**Required action**
For this exercise, retype the lines from the one that holds "消防ホース巻取機 タコマンV2用部品(修理用)【画像2】" through the one that holds "(Color : Gray)" in the records below, both included, exactly and without pictures.

**Entries shown**

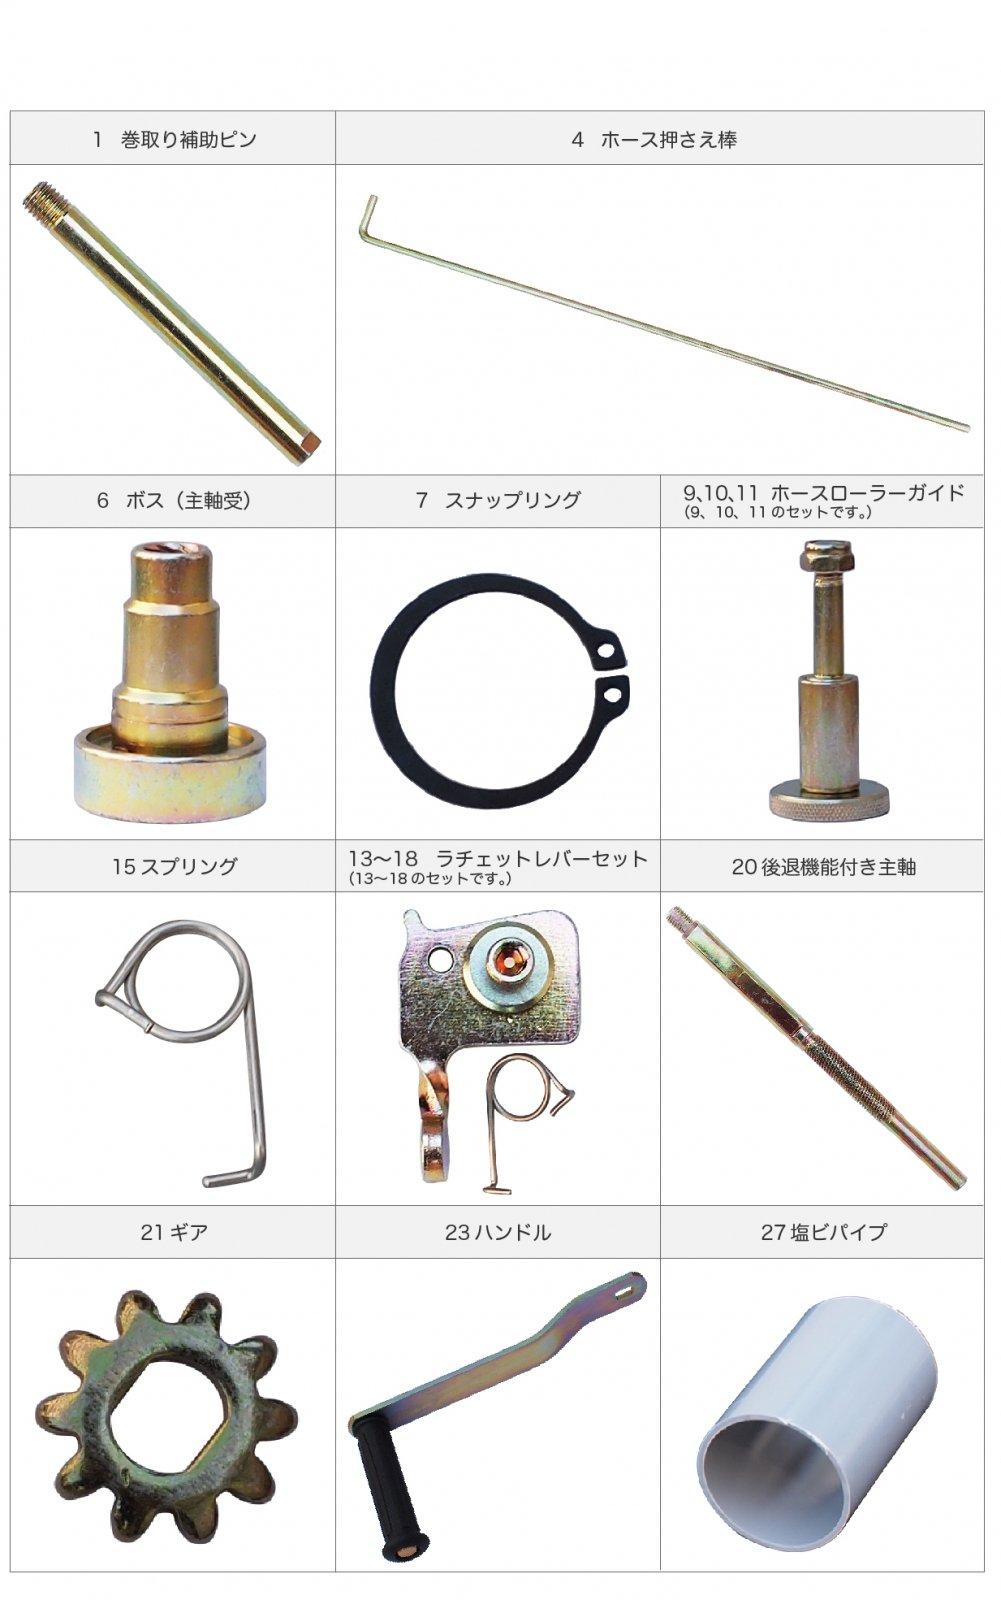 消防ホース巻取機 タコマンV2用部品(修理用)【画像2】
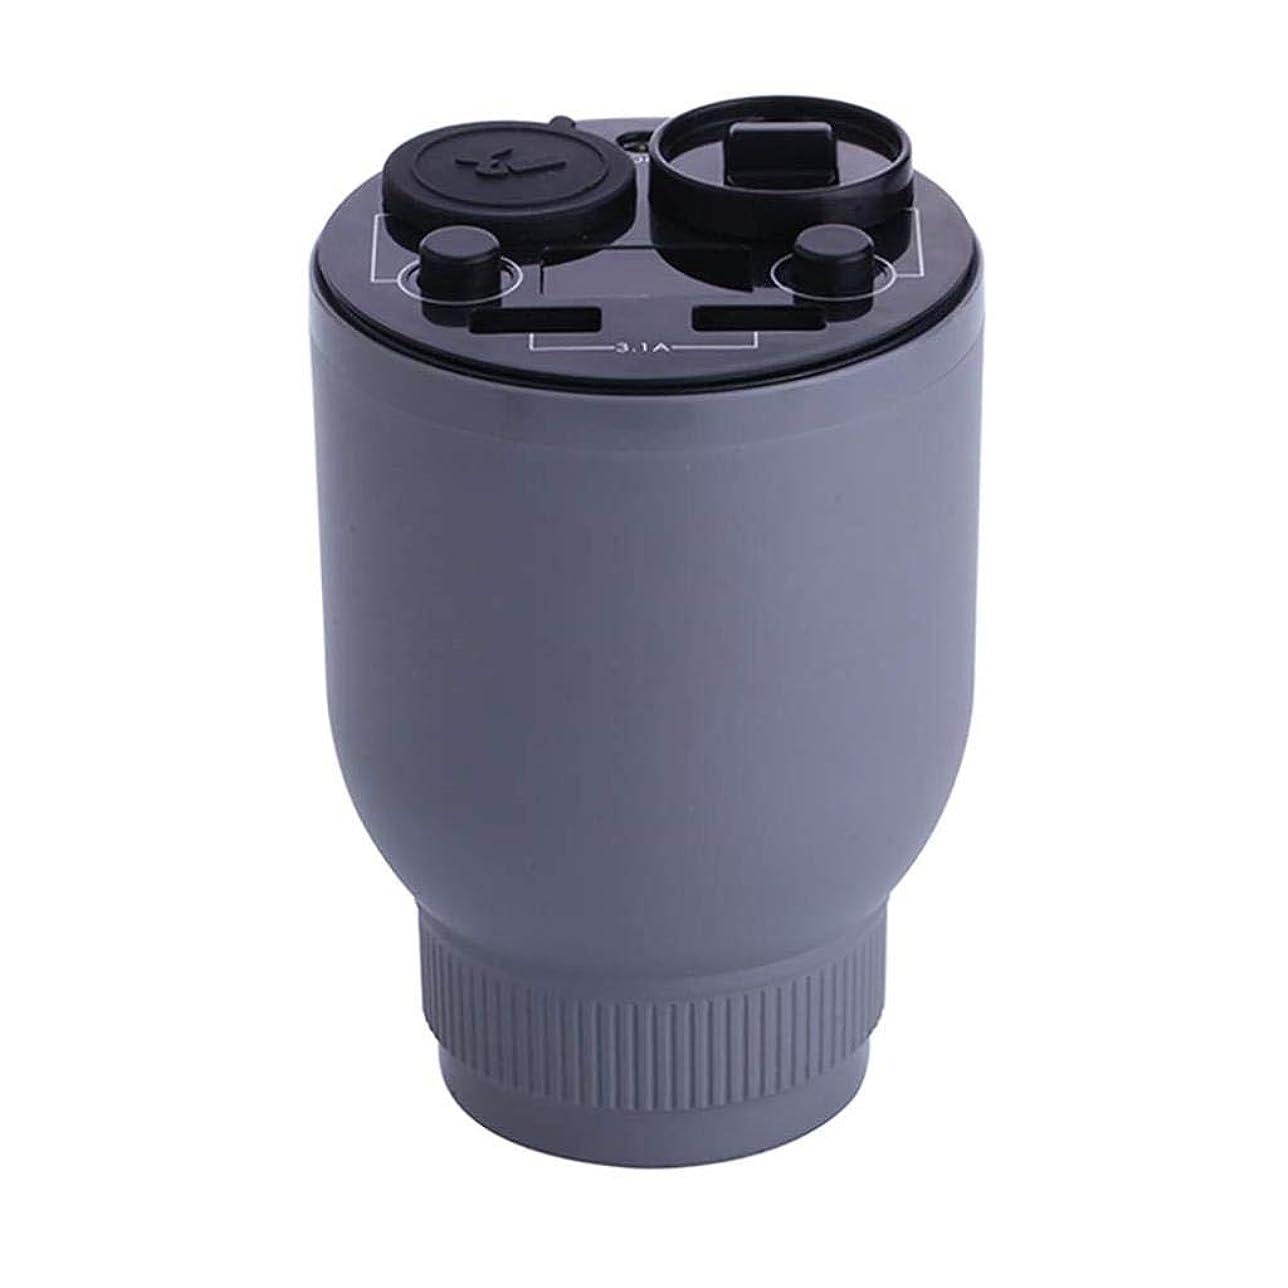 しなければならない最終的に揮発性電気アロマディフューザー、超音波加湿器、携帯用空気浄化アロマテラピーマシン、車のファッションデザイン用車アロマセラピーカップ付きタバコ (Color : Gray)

--

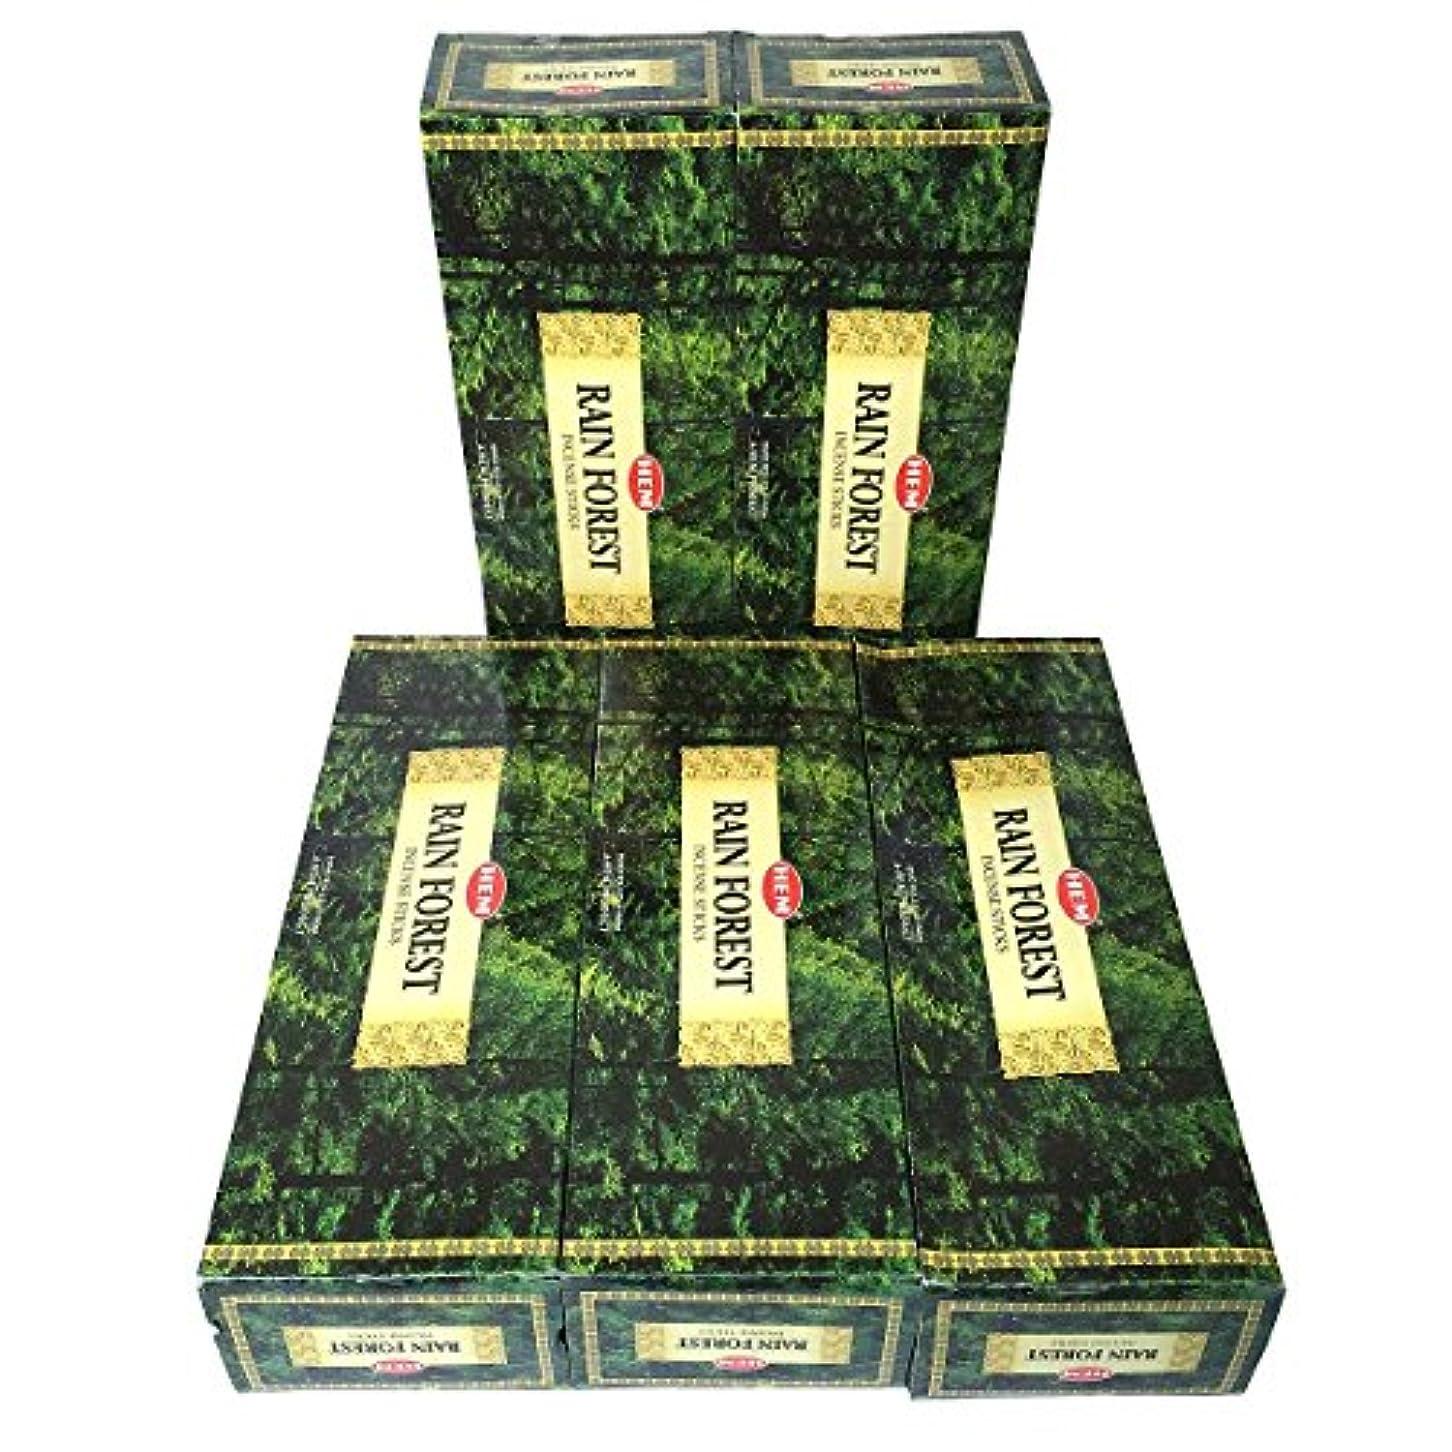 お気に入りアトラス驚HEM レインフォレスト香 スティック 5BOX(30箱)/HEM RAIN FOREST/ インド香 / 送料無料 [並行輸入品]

...

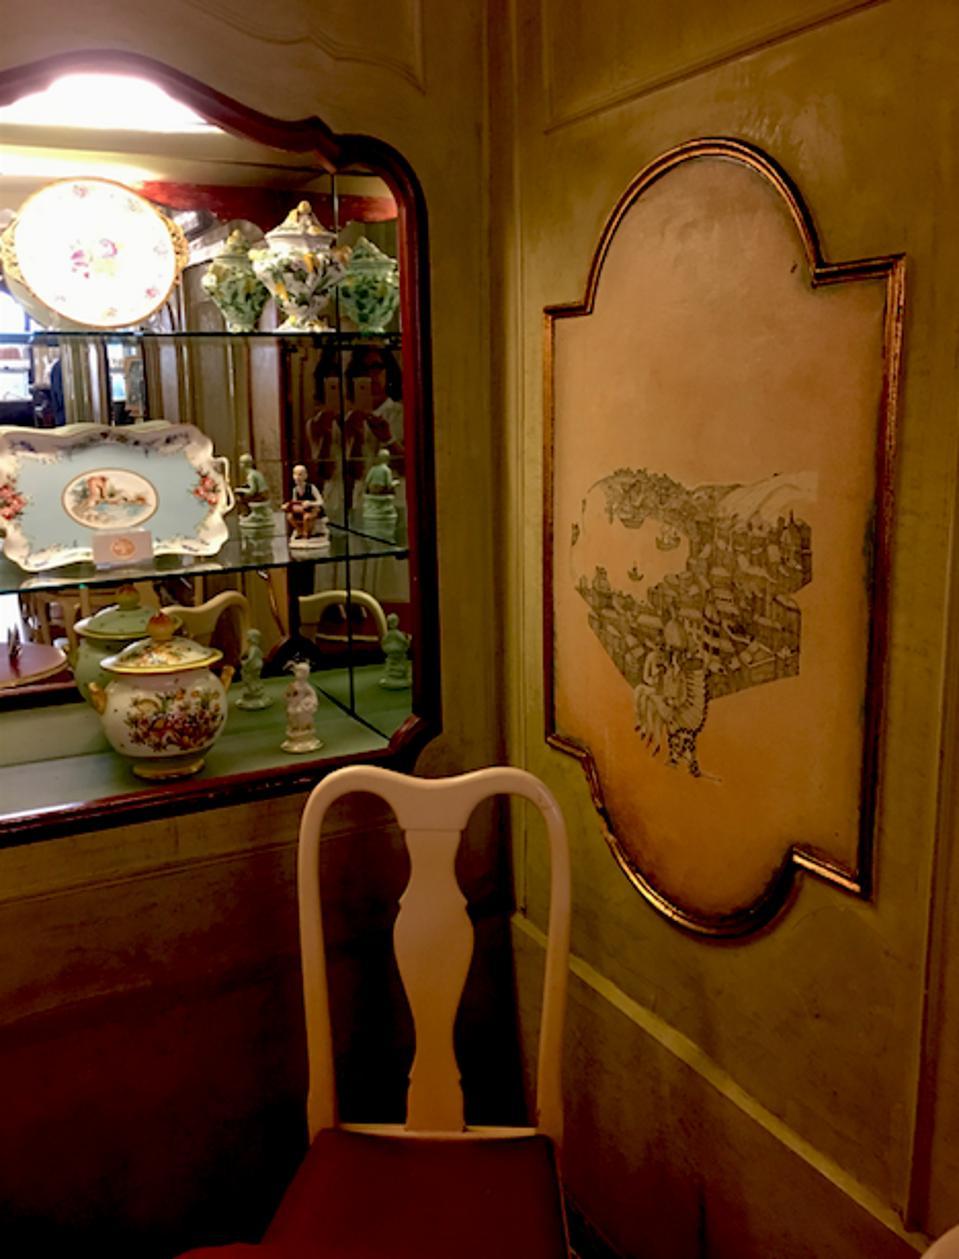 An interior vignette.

**Task response**
 消防ホース巻取機 タコマンV2用部品(修理用)【画像2】
 しなければならない最終的に揮発性電気アロマディフューザー、超音波加湿器、携帯用空気浄化アロマテラピーマシン、車のファッションデザイン用車アロマセラピーカップ付きタバコ (Color : Gray)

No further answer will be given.